All my life, I have been in motion—driven, determined, always striving. On the surface, it looked like ambition. In reality, it was survival. I was chasing something I could never quite grasp: a sense of being worthy, of being loved as I was.
It began in childhood. My father wasn’t cruel, but he wasn’t there—not emotionally. He was distant, unengaged, a ghost in the room. I tried everything to make him notice me. If I was perfect, maybe he’d see me. If I was exceptional, maybe he’d love me. I learned early that attention was earned, not given. And so began my relentless pursuit of achievement—not out of desire, but out of desperation.
My mother, on the other hand, was a warrior. She returned to school when I was in fourth grade, working nights, earning her degrees. Her resilience inspired me. We mapped out my path to becoming a physician together. It was more than a career. It was a lifeline. A promise that I could build a different life—one where I mattered.
I excelled in school, pushed myself through college in three years while working up to 30 hours a week. But beneath the achievements was a girl still waiting to feel enough. I struggled silently. A C in chemistry shattered me. Mediocre MCAT scores made me feel like a fraud. Rejections from med schools echoed the old message: you are not enough.
Still, I persisted. I worked as a medical technician, reapplied, and got in. That first exam in medical school nearly broke me—I panicked, convinced I had failed. But then I learned I’d actually earned an A. The test was curved. I was near the top of the class.

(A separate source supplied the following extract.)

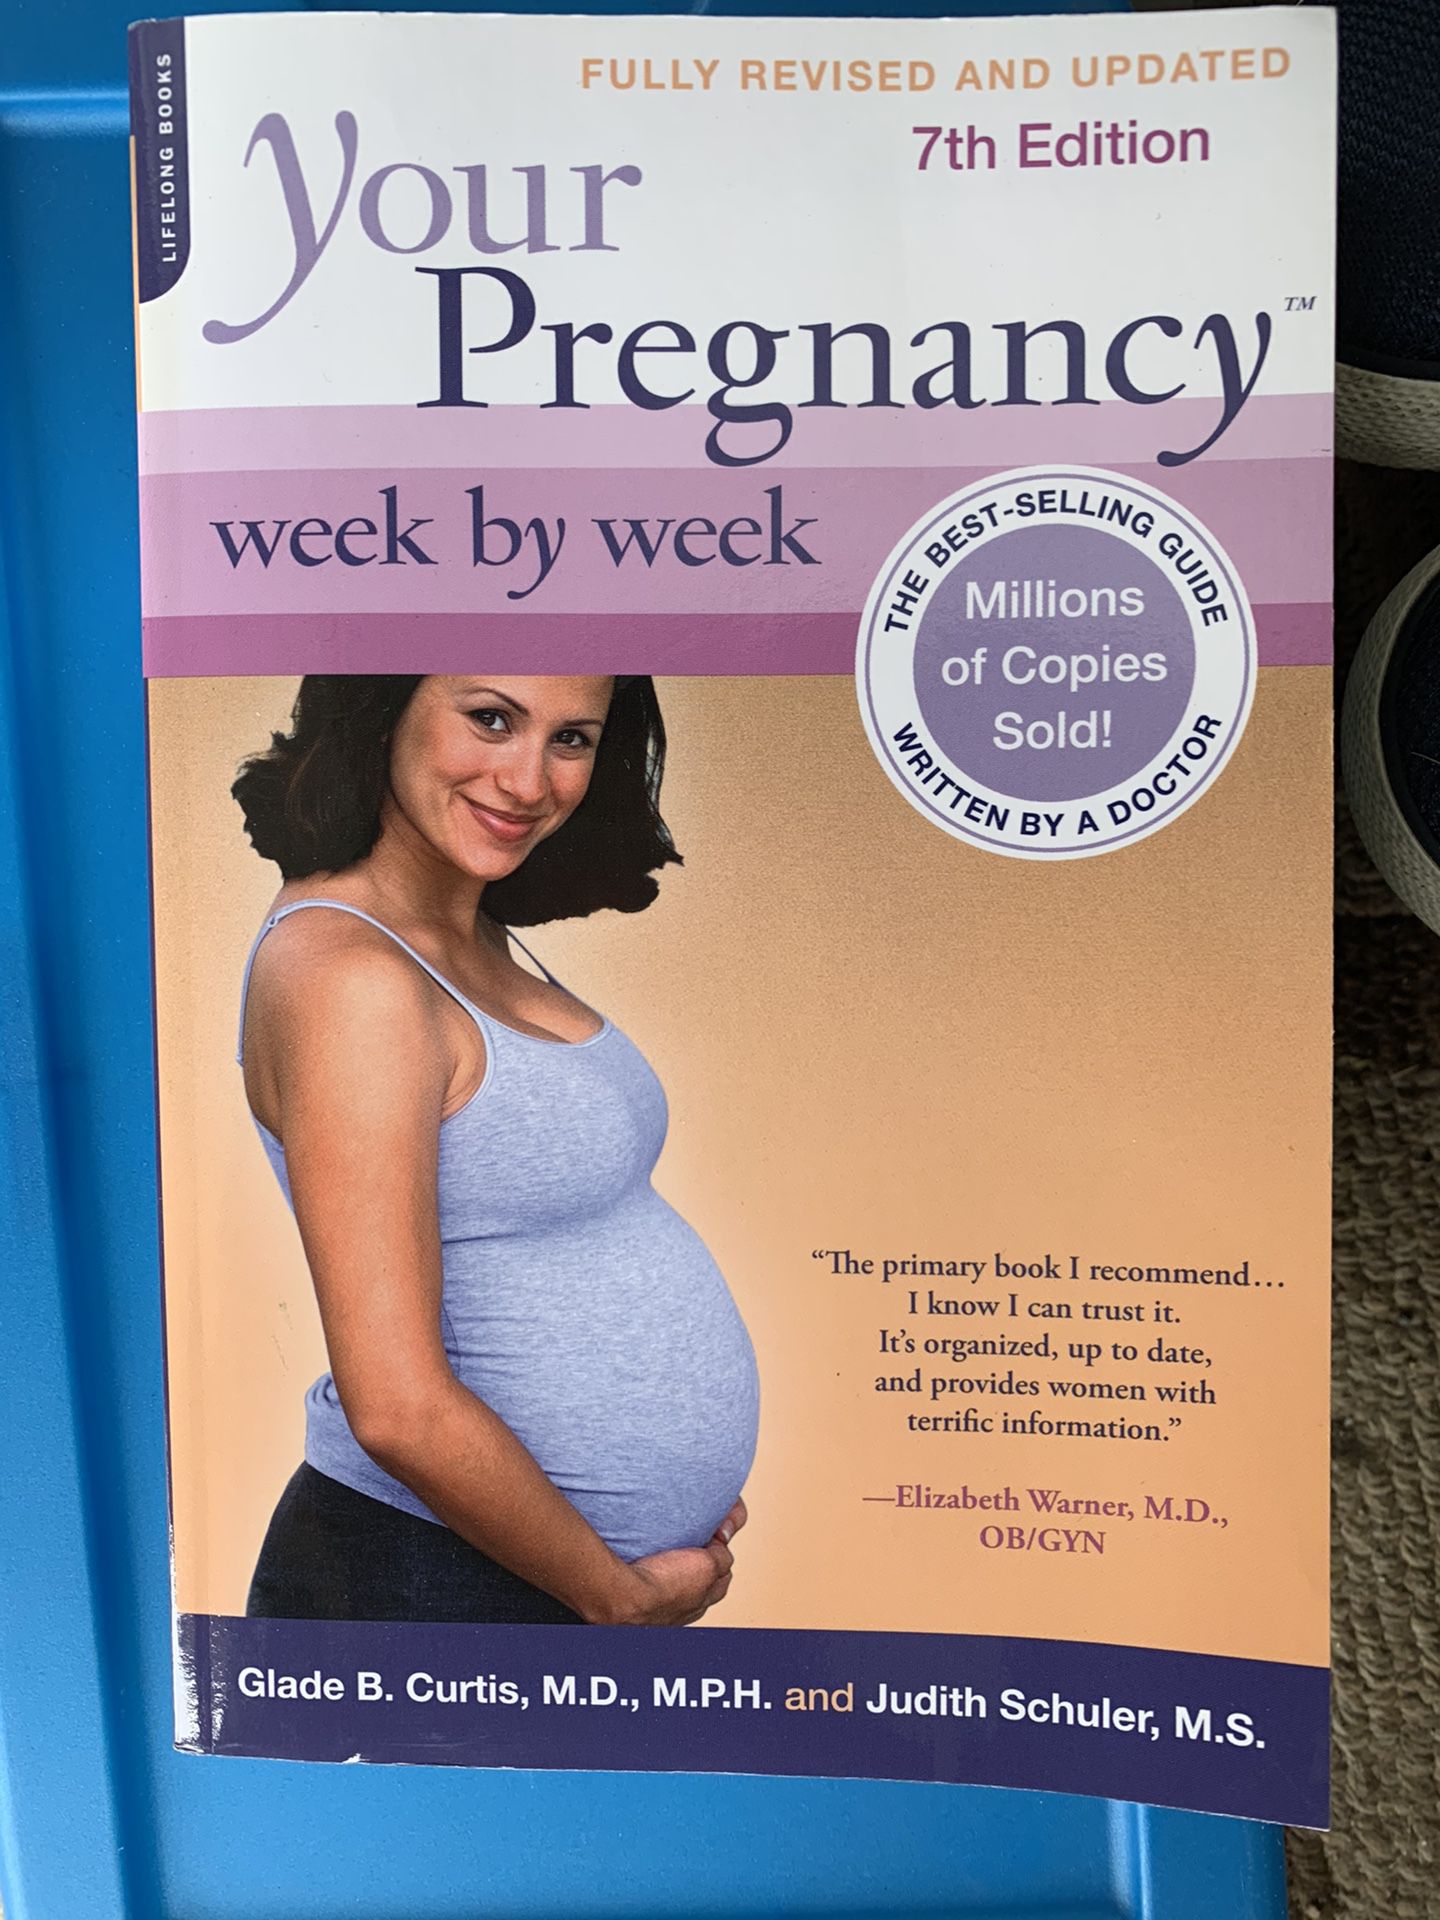 Pregnancy week by week book
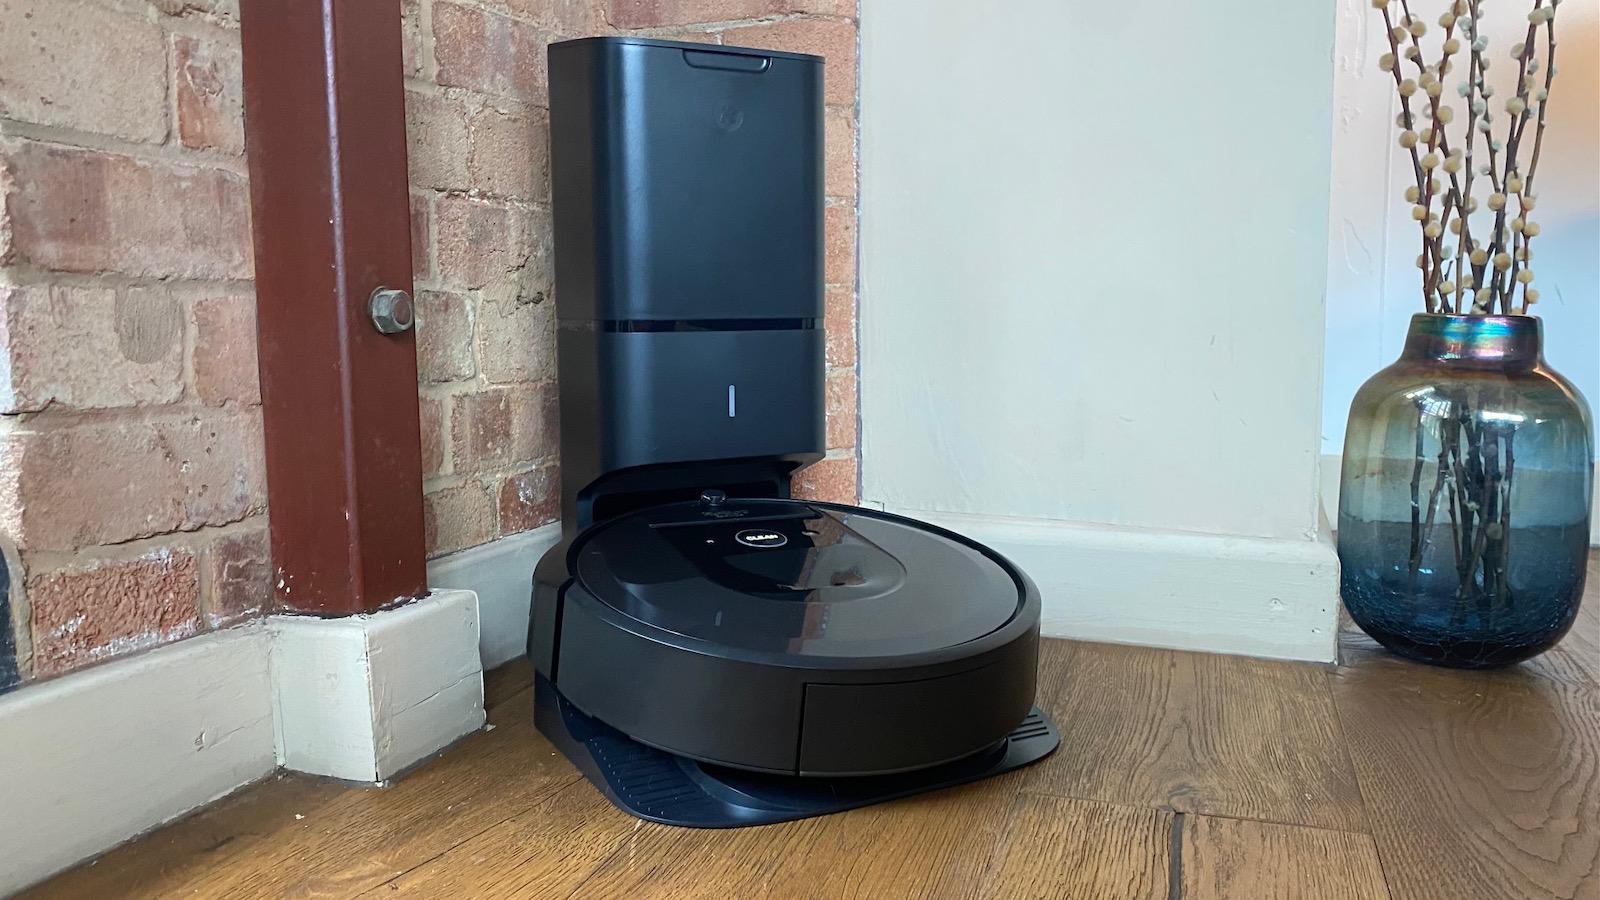 جارو برقی رباتی iRobot Roomba i7+ with Dirt Disposal

For a moment, I allowed myself to believe: maybe I was capable. Maybe I did belong.
But those deep grooves of self-doubt are hard to unlearn. And that’s the thing about childhood emotional neglect—it doesn’t disappear when you achieve. It waits in the shadows. It distorts your compass. It sets you up to mistake familiarity for love.
That’s how I ended up marrying someone who felt like home. Not the warm, safe kind of home. But the one I knew. The emotional unavailability. The conditional affection. The subtle devaluing that felt eerily familiar.
He didn’t hit me. He yelled. He lied. He had explosive unpredictable anger. And he didn’t protect me. He let his mother walk through our boundaries like they didn’t exist. He watched me be erased from family photos. He stood by while I was isolated, dismissed, diminished. Over and over again.
And I stayed—because somewhere deep inside, I believed that was love. Because I was taught that love meant earning your place. That being cared for meant being perfect. That being good enough meant being good always.
This is how the cycle continues.
Not because we’re weak. But because we’re wired to return to the love we knew, even if it wounded us.
Breaking that cycle takes more than courage. It takes awareness. It takes grief. It takes looking at the little girl inside and whispering to her: You don’t have to earn love anymore. You already are enough.